» Exercise details: The entries below contain pictures, which are to be left out; write out exactly, and only, the lines from the line with "Whirlpool - 7" up to and including the line with "A nice anti-stress coloring book for adults".

» Input material:
- Opening Delimiter -

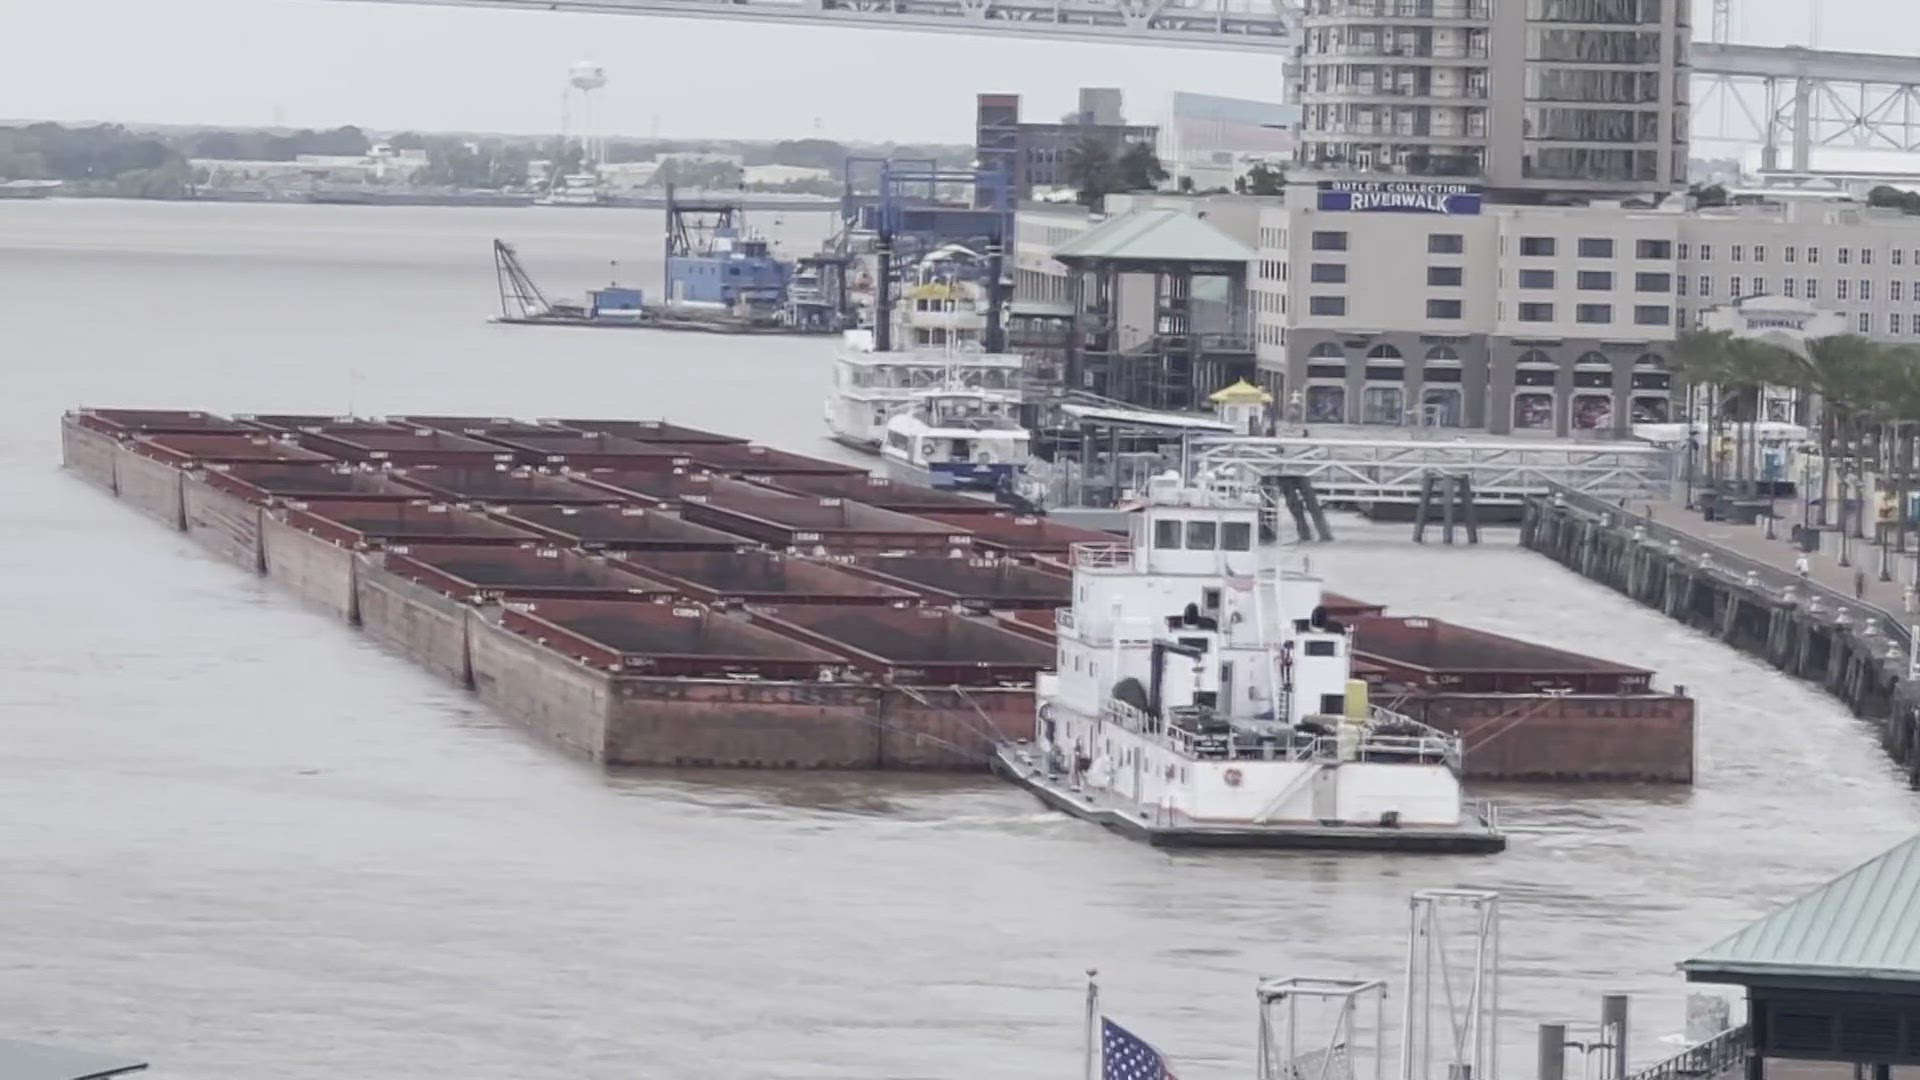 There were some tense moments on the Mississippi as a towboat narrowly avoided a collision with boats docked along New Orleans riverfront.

- Closing Delimiter -
- Opening Delimiter -

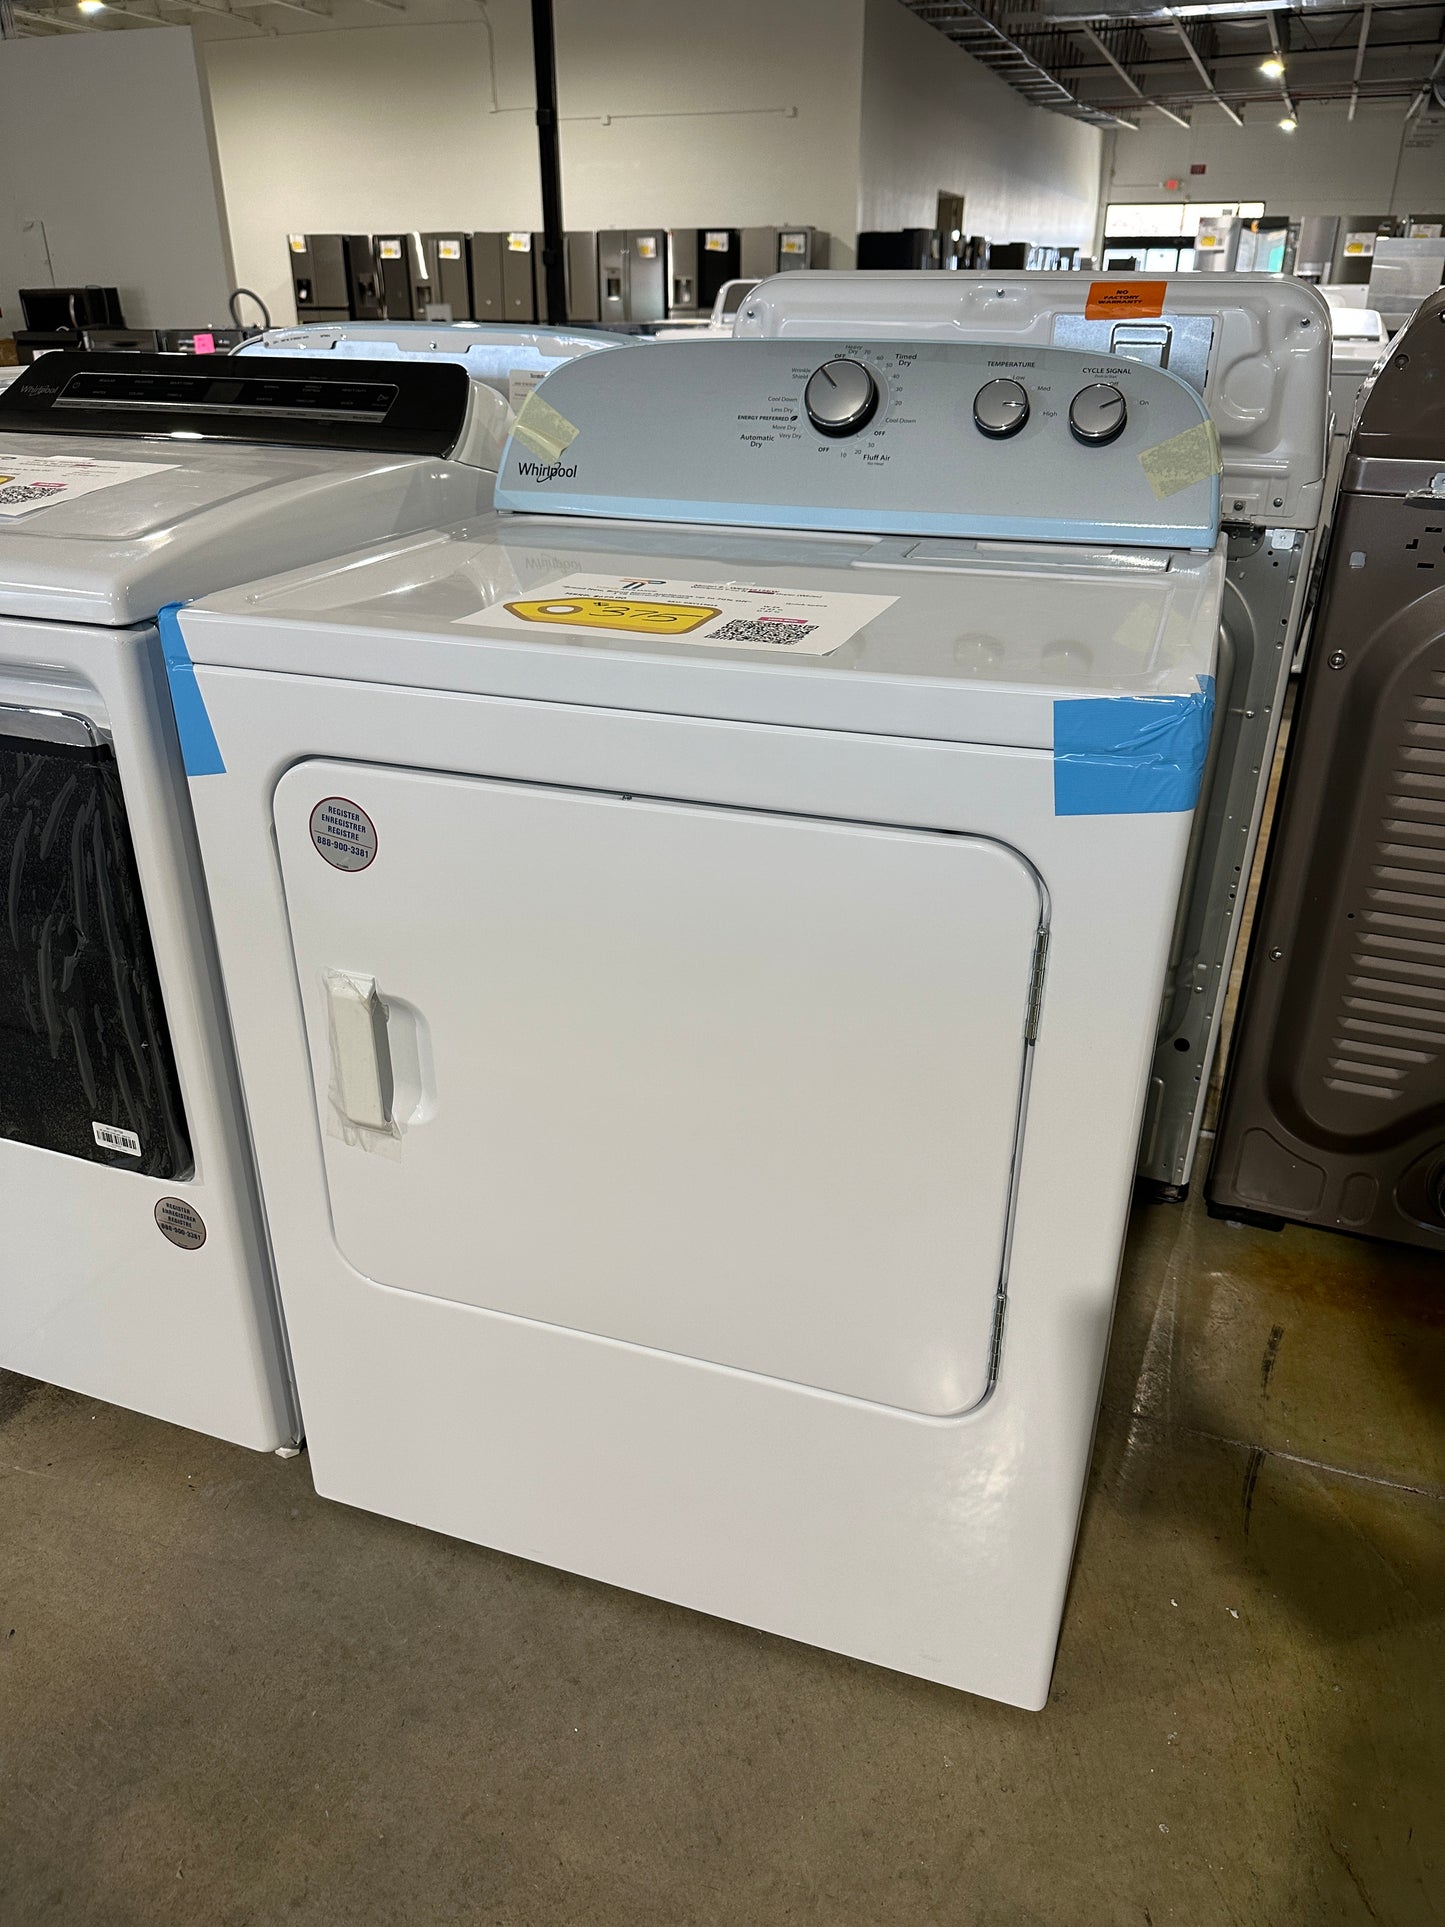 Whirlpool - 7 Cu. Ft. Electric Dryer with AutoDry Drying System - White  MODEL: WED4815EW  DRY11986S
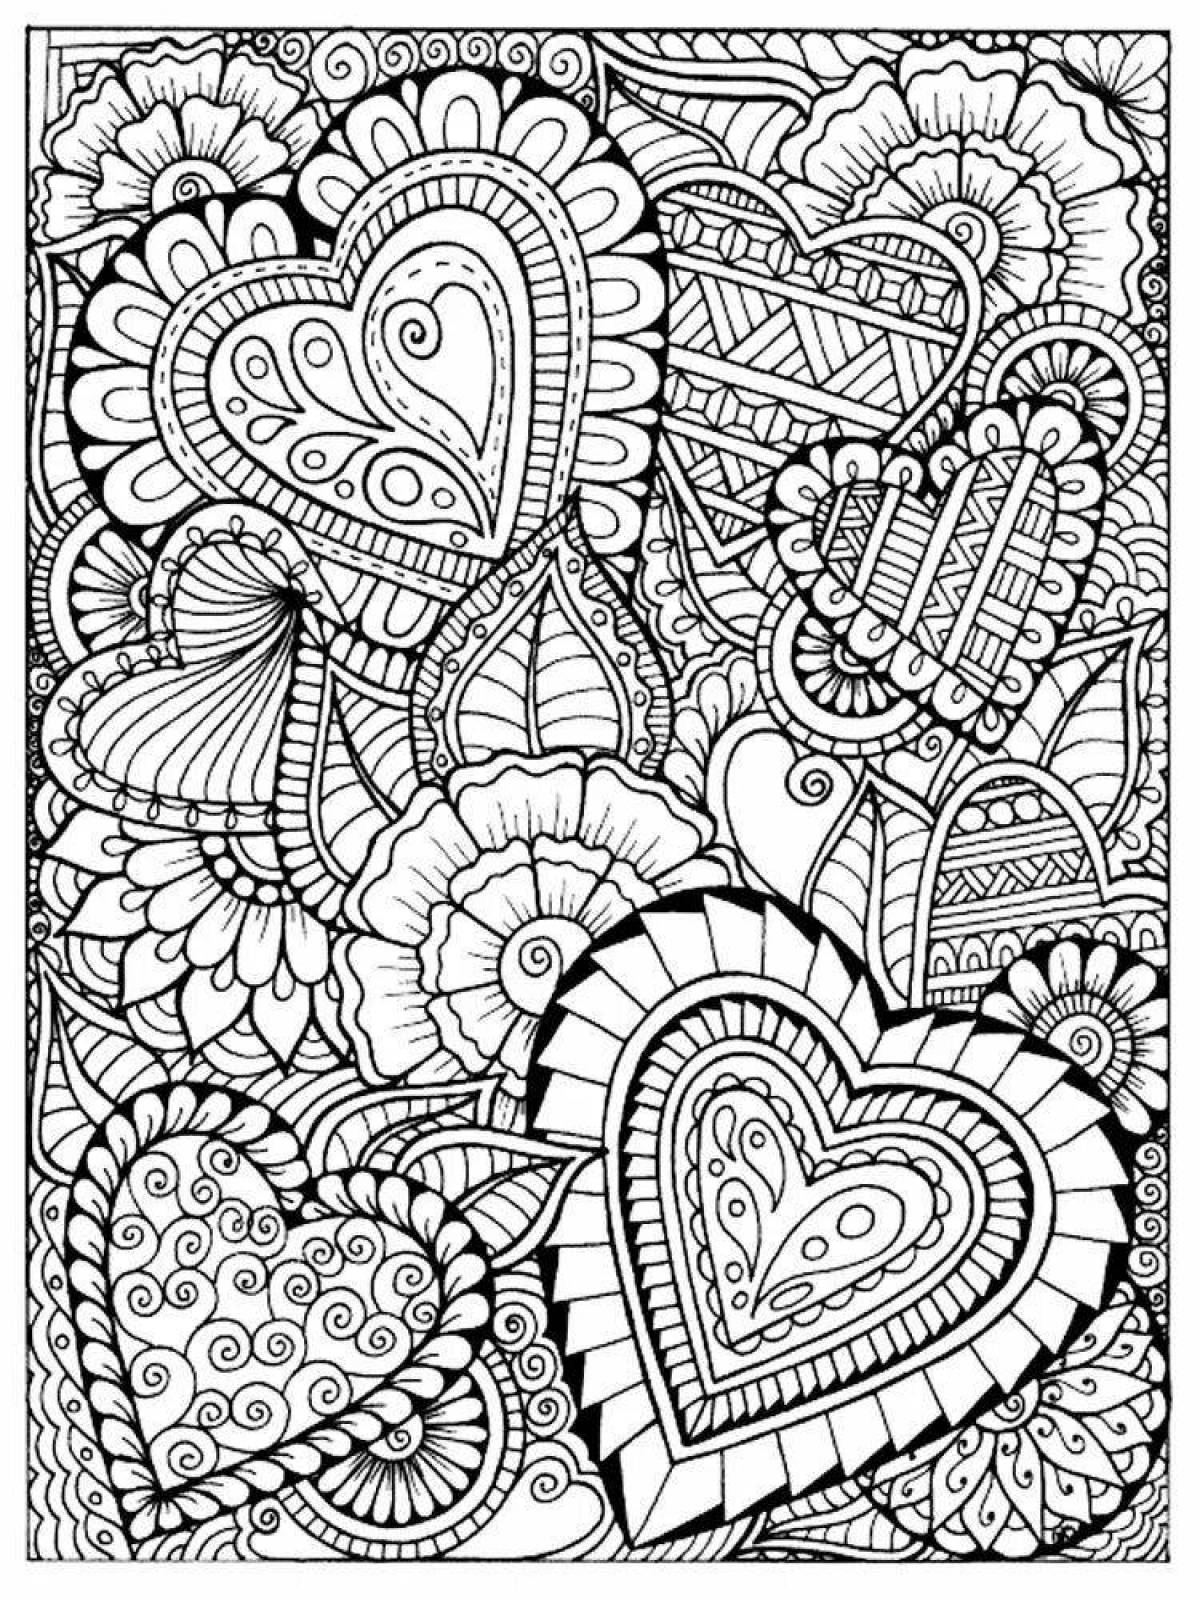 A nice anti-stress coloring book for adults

- Closing Delimiter -
- Opening Delimiter -

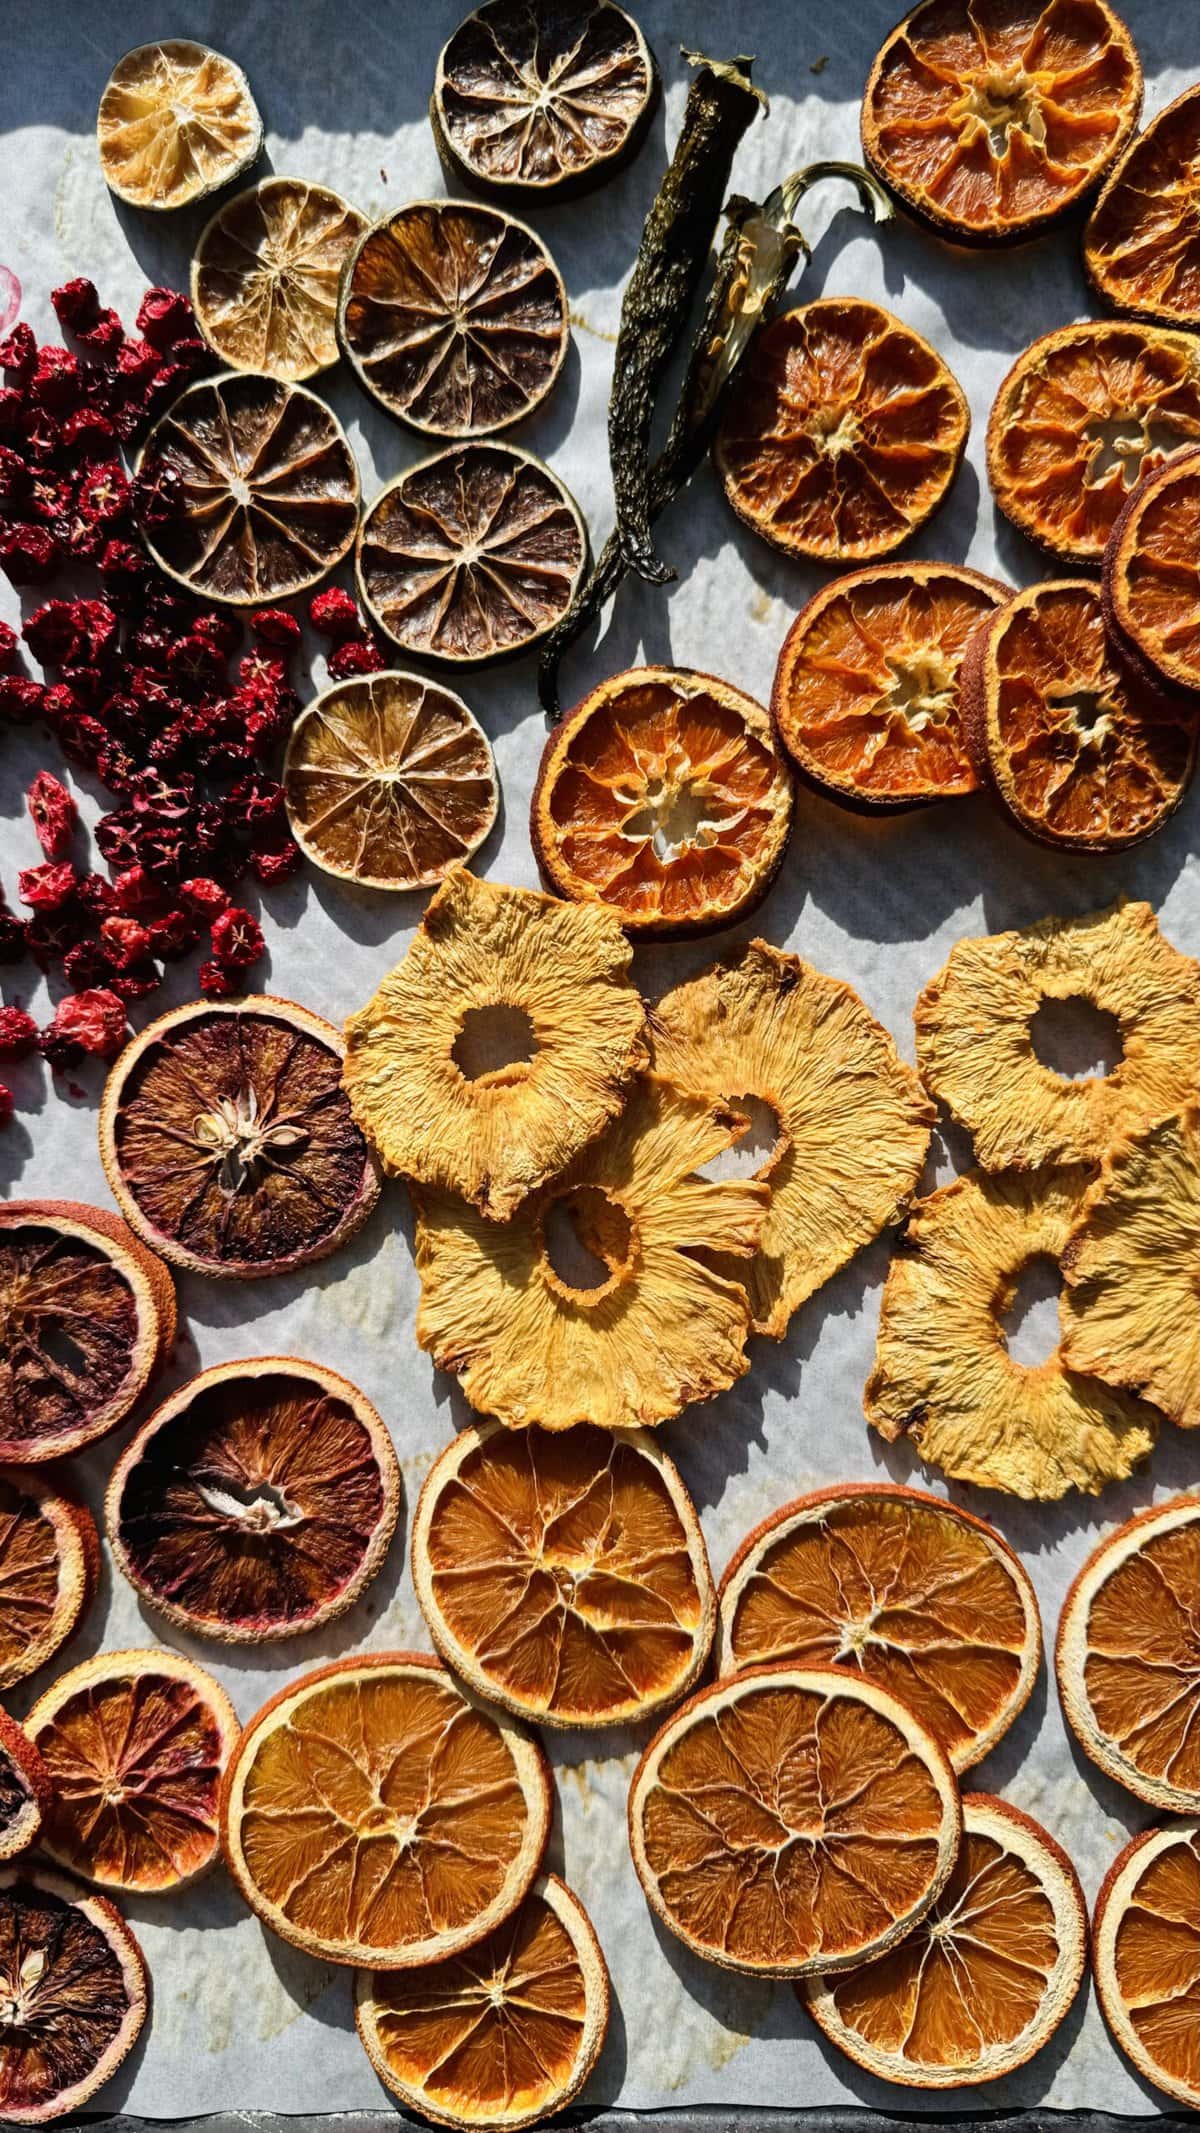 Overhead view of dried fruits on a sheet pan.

- Closing Delimiter -

» Solution to this exercise:
 Whirlpool - 7 Cu. Ft. Electric Dryer with AutoDry Drying System - White  MODEL: WED4815EW  DRY11986S
 A nice anti-stress coloring book for adults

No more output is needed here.